How Relationships Increase Speed and Improve Performance

 

So, how does this happen exactly? Let’s dig a little deeper to better understand how better relationships drive the kinds of speed and performance improvements that today’s IT leaders seek.

 

The following factors contribute to the familiarity observed among successful project teams: 

  • Trust: When people take time to understand and empathize with one another, they build trust. It’s an emotional bond that connects people at a deeper level. When trust exists, project members know their teammates have their back. Consequently, they are willing to take more risks, support one another, and work together to overcome challenges.
  • Communication: Effective communication is a crucial project success factor particularly when, like most IT projects or programs, the work is complex. The facilitation of clear and open lines of communication among the best performing teams reduces misunderstandings and ensures everyone is on the same page.
  • Candor: When people trust one another, there exists a level of psychological safety that empowers team members both to share what is on their minds and to be more receptive to others’ ideas. These more candid conversations lead to fewer defects, less rework, better decision making, and greater speed.
  • Conflict resolution: Disagreements are inevitable on any team or initiative, but the ability to effectively address and resolve them is essential to project success.
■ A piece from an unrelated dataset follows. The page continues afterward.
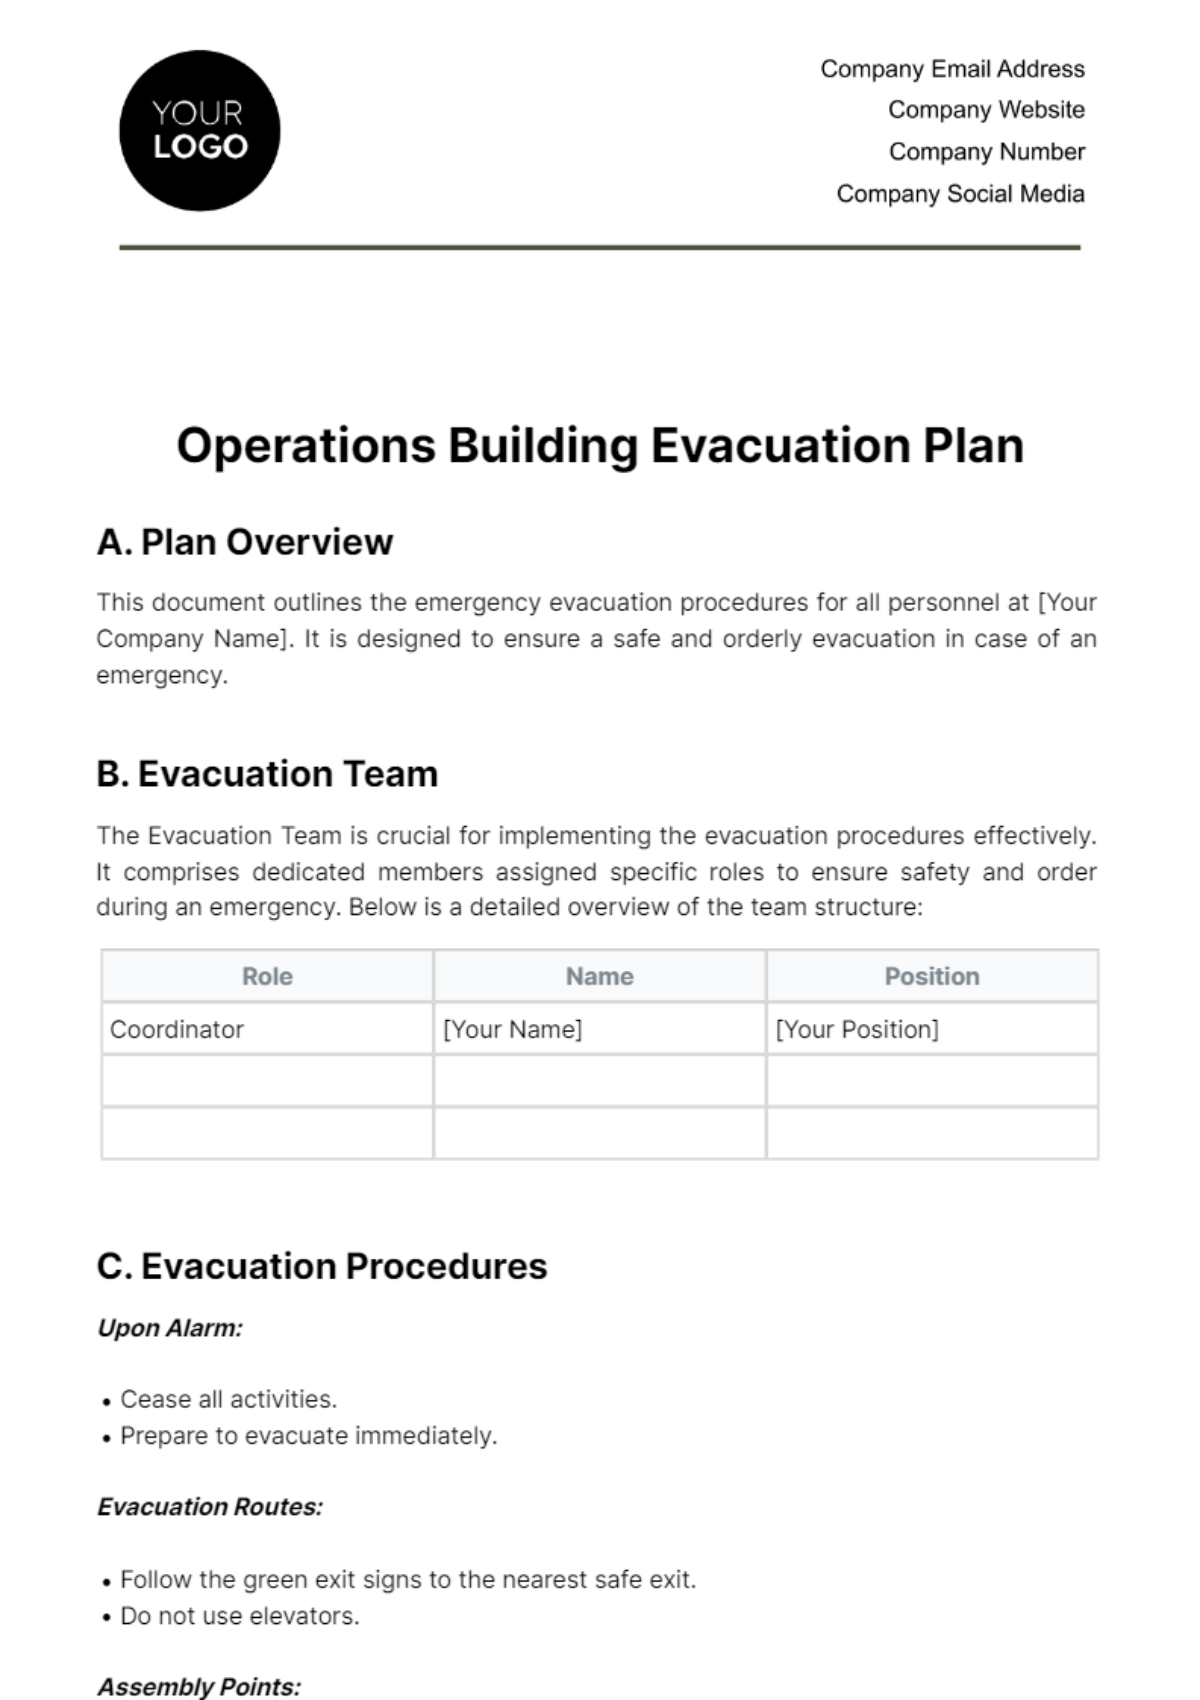 Operations Building Evacuation Plan Template

Strong relationships among team members equips them to address conflicts constructively, finding solutions that benefit the project rather than locking themselves into win-lose arguments. 

Cross-functional Collaboration: Building Connections Across Business Boundaries

 

IT success today requires not just stronger relationships within the technology organization but productive cross-functional collaboration. When cross-functional relationships are strong, IT’s goals and objectives are better aligned. Moreover, better relationships with IT’s key stakeholders can lead to increased support and resources for technology initiatives. When stakeholders believe in the IT team's capabilities and trust its judgment, they are more likely to allocate necessary funds and staffing and provide the top-down support required to achieve desired business outcomes.

 

Strong relationships not only with business leaders but also with IT’s most important stakeholder, the end user, lays a foundation for the continuous feedback necessary to continuously iterate and innovate on behalf of the business. This relationship-enabled approach to ongoing IT solutions development is essential to ensuring that the technology organization remains aligned with evolving business requirements.

 

How IT Leaders Can Build Better Relationships

 

IT success depends more on the strength of its relationships than on its technical prowess. Whether fostering collaboration within teams, engaging with stakeholders, or nurturing partnerships with vendors, relationships are the foundation upon which IT can develop and deliver the IT solutions the business wants.

 

Here are a few techniques leaders can employ to strengthen relationships:

  • A “first friend” program: IT leaders can assign each new employee a coworker, who can help get answers to questions, meet people, and find their way around the organization.
  • Relationship-building meetings: IT leaders can host meetings with the sole purpose of getting to know one another better. Questions that illicit sharing personal details, like “What are the three things that made you who you are today?” can get the ball rolling.
  • Special interest groups: IT leaders can encourage their teams to set up special interest groups within their collaboration platforms (e.g., “cooking and recipes,” “gamers”). These can bring like-minded people together so that relationships can form organically.

I’ve long preached the importance of culture to organizational performance, especially in IT where collaboration is fundamental to success. The research is clear: Invest time building relationships and you will be a more successful IT leader.